He'd open the book and flip a few pages before showing Diluc three different styles of stonework. None were overly simple but they were also not overly complicated, either. If the redhead didn't like any of them, he could easily draw up a few other ideas, or the Mondstadtian could tell him the sort of design he was envisioning for what would be visible, and he could figure something out with that.
Diluc listened intently as Itto outlined his plans, the Oni’s excitement spilling over in the details. It was clear Itto was skilled with his hands, not only because of his element but because he had genuinely pursued knowledge in crafting and construction. The Oni’s mix of pride and humility—an eagerness to take on a project outside his usual work—was almost contagious.

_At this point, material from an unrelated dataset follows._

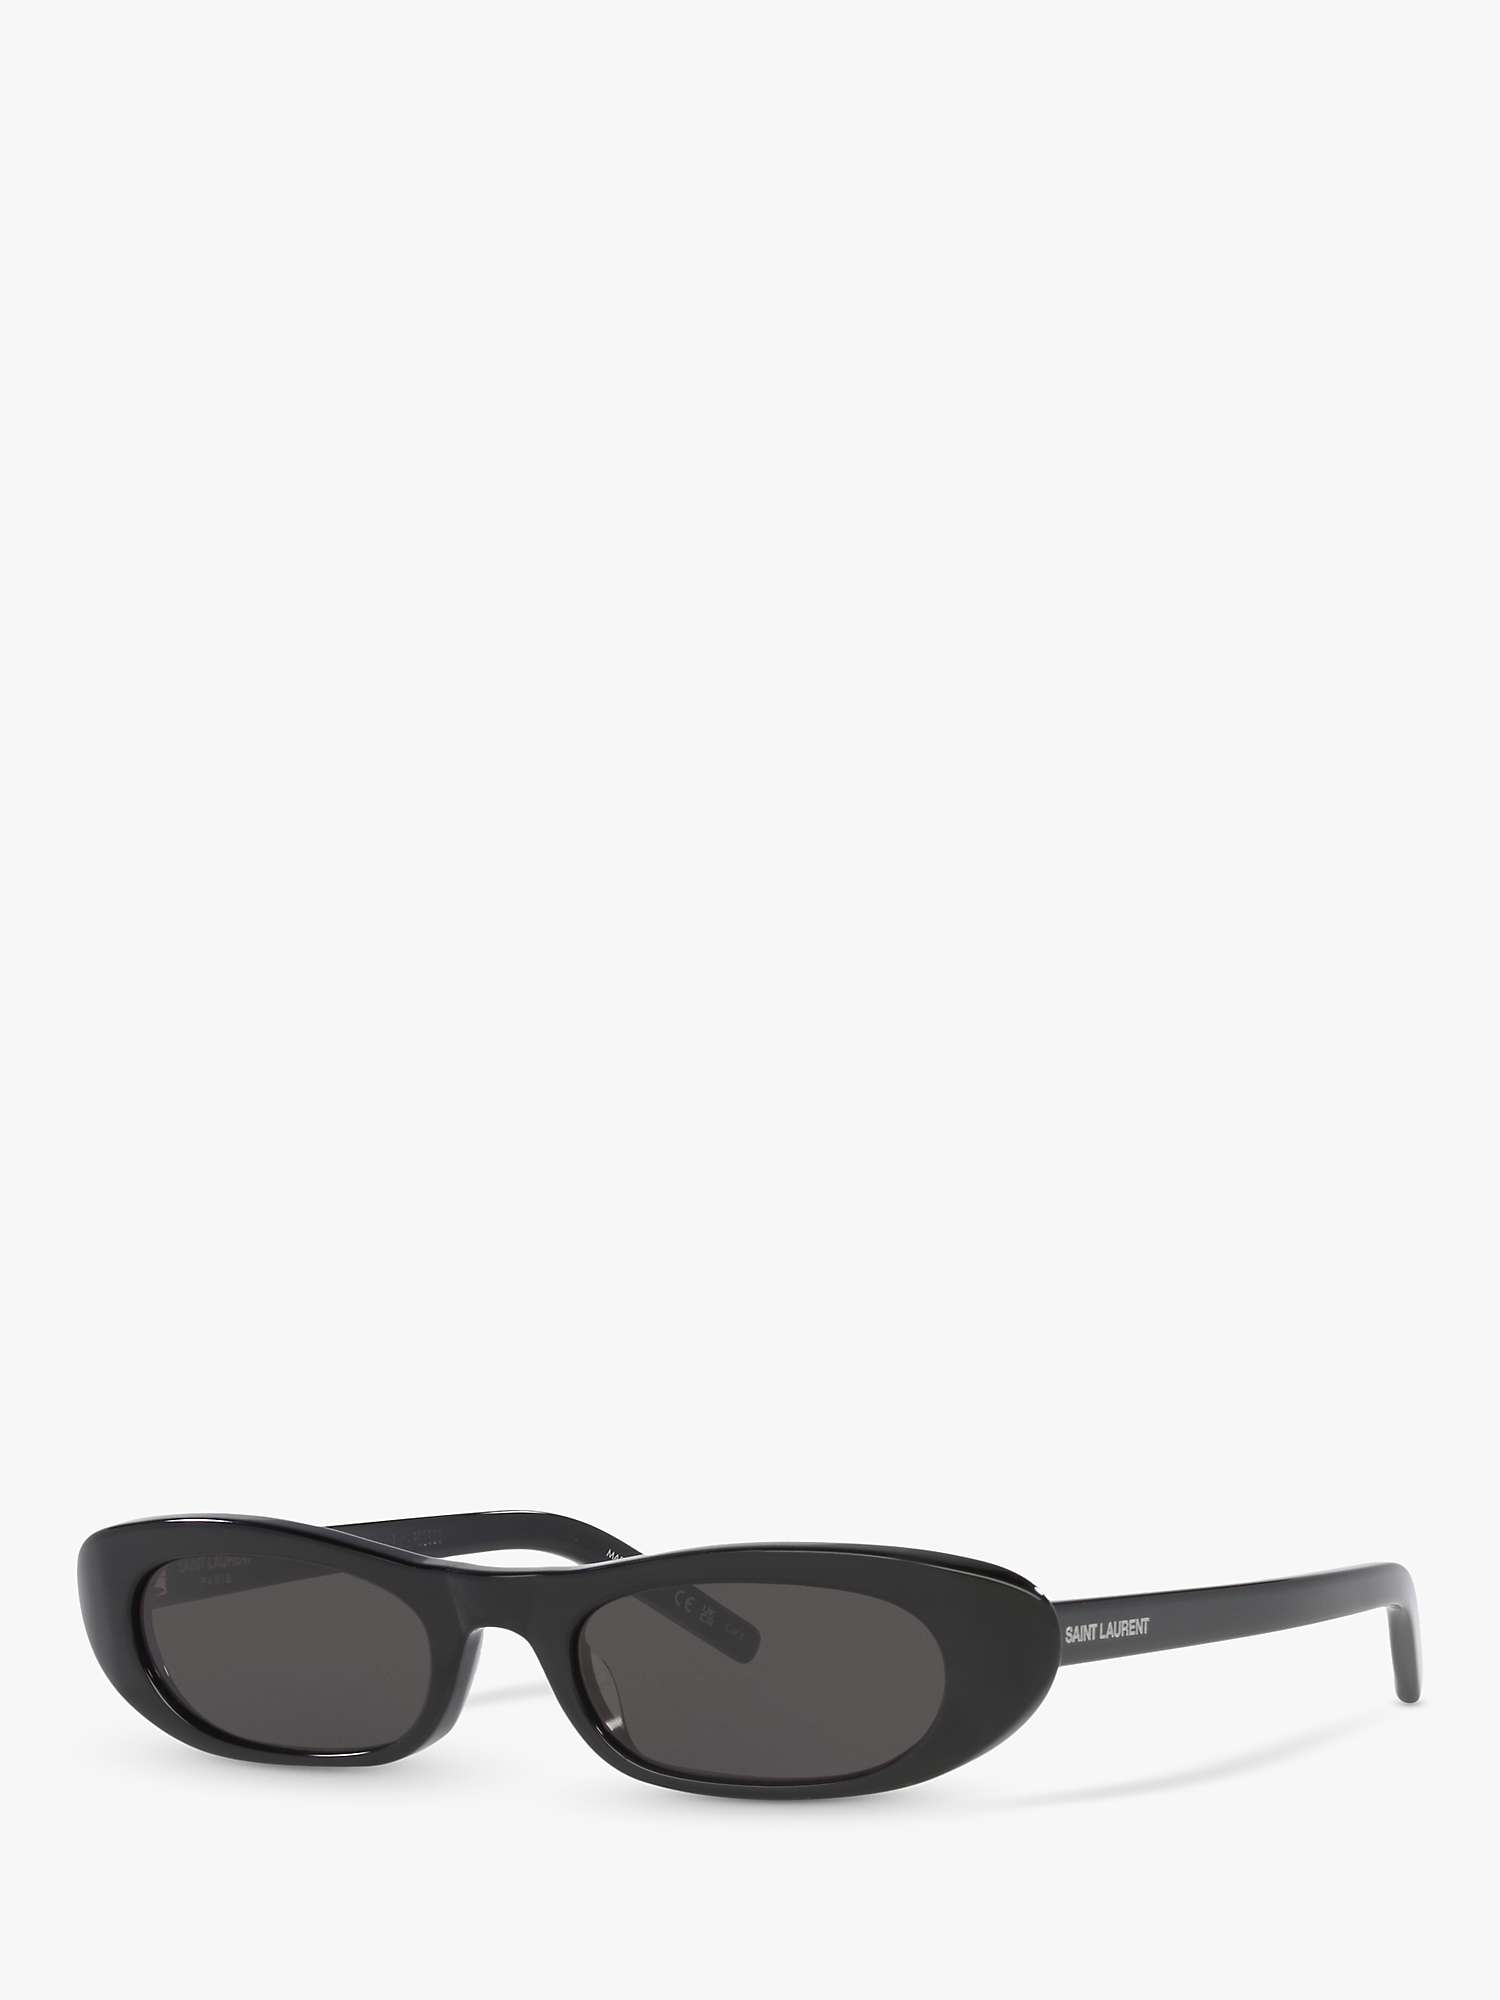 Buy Yves Saint Laurent YS000414 Women's Oval Sunglasses, Black/Grey Online at johnlewis.com

A subtle smile flickered on Diluc’s lips as he imagined Itto tearing up old floorboards with his usual gusto. “You’ve thought this through exceptionally well. The idea of layering metal with bamboo and stone… it’s inventive. And ideal for Inazuma’s climate. The floors will stay resilient against any weather, and the cooling effect of the materials should work better than anything I’d use back in Mondstadt.” His words were precise, analytical—part praise, part acknowledgment of Itto’s genuine talent.
Diluc felt something pull at him as he watched Itto, who had already started down the garden path. There was a sense of pride, admiration even, seeing Itto so invested in making this work. Diluc held that feeling in check, schooling his face to remain stoic, unwilling to show that undefined pull.

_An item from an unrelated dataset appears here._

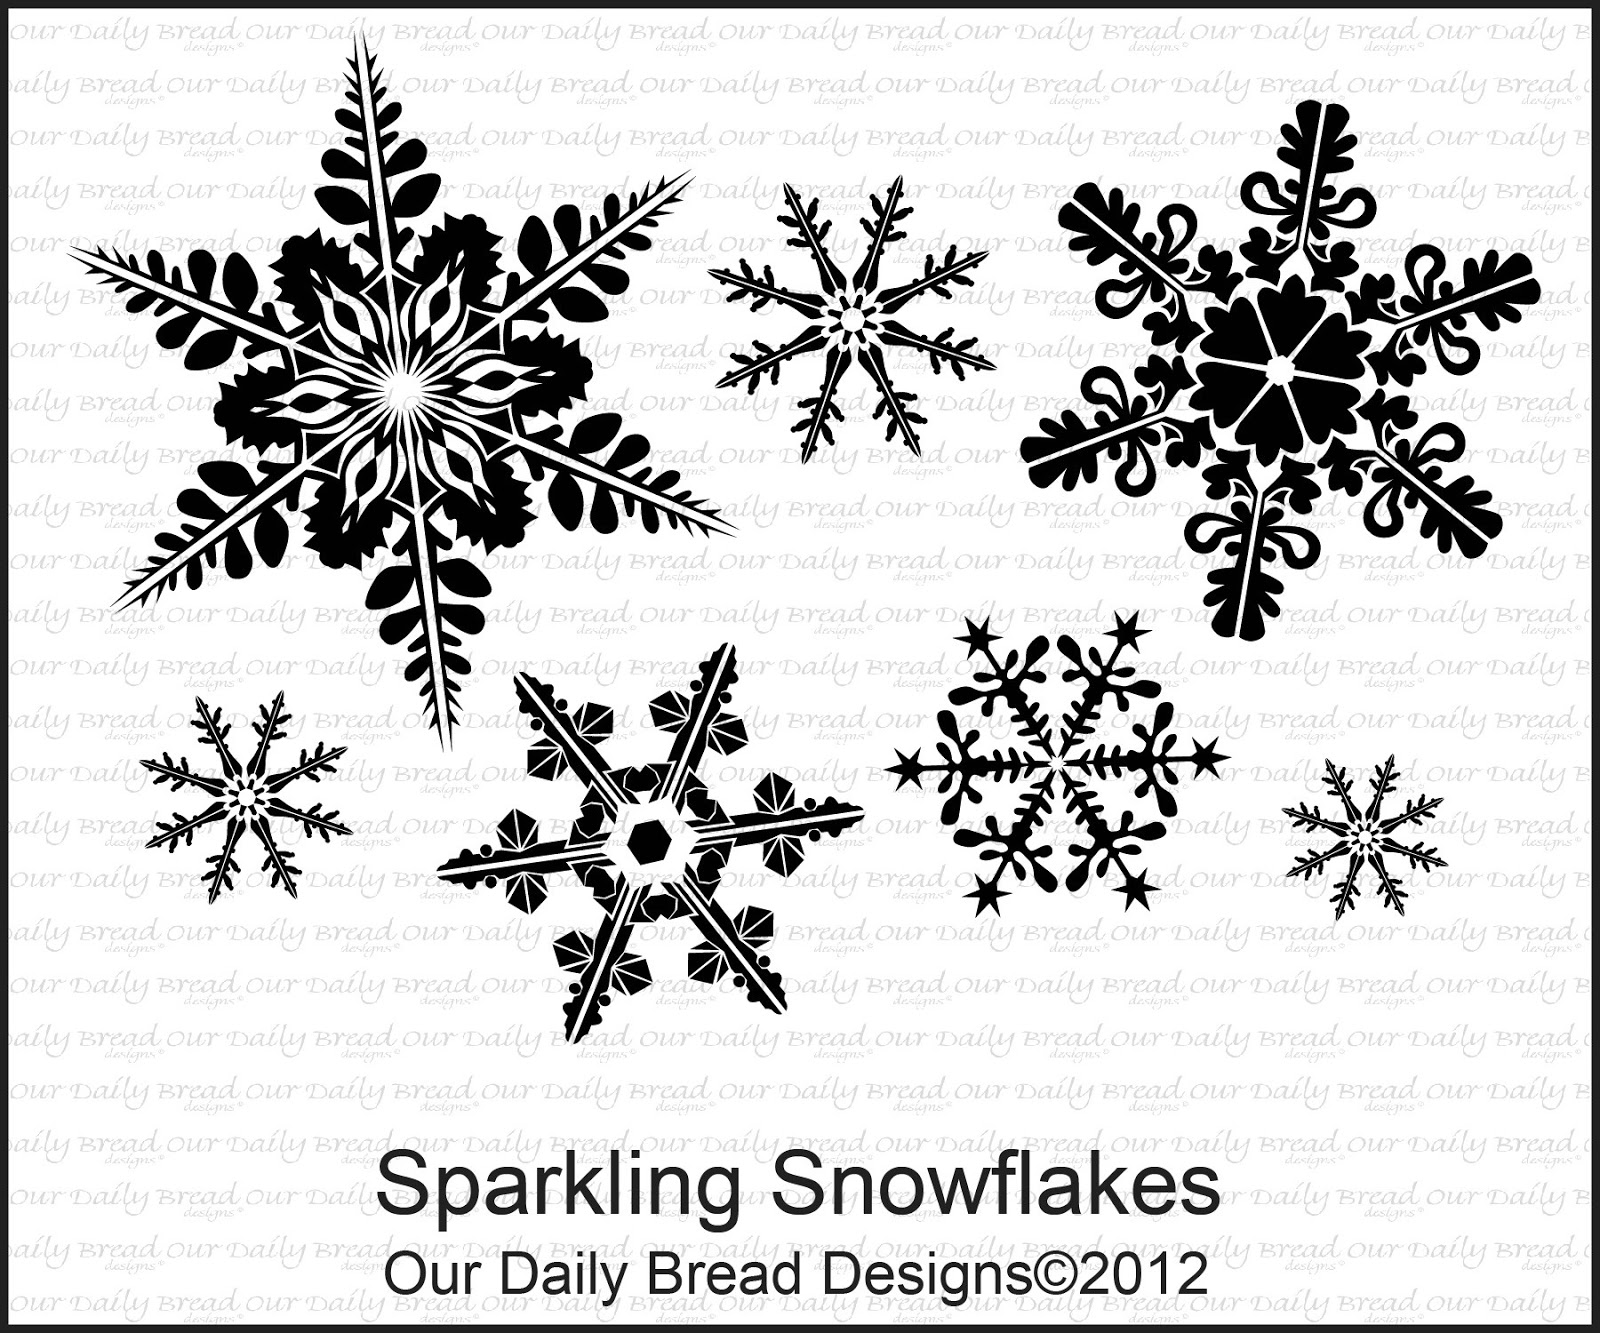 http://1.bp.blogspot.com/-bCFhJxjGYAQ/VEHFGxvEeAI/AAAAAAAAG40/sD8T9vVrC3I/s1600/sparkling_snowflakes.jpg

As they walked toward the small gate, Diluc’s gaze lingered for a moment on Itto’s back, tracing the easy, confident way he moved. The man who was regarded as a troublemaker for no reason, had always shown him nothing but loyalty and a hidden strength. There was a warmth in Itto’s spirit, a sense of joy in the work that Diluc envied, perhaps even admired.
At the mention of the estate’s land, he nodded, already imagining the future possibilities. “Fruit trees would be excellent. Some Mondstadt varieties should adapt well here. And a perimeter fence might be necessary, especially when the winery’s operational.”
They continued up to the Gang’s headquarters, and as Itto went to retrieve his sketchbook, Diluc allowed himself a moment of reflection. Itto was an anchor of sorts—unrelenting, unpretentious, with the kind of loyalty that didn’t ask for much in return. And though he’d never say it outright, Diluc knew he trusted Itto with this endeavor more than he would have with anyone else. This wasn’t simply a business project; it felt like a shared collaboration, one that bridged their past with an unspoken understanding.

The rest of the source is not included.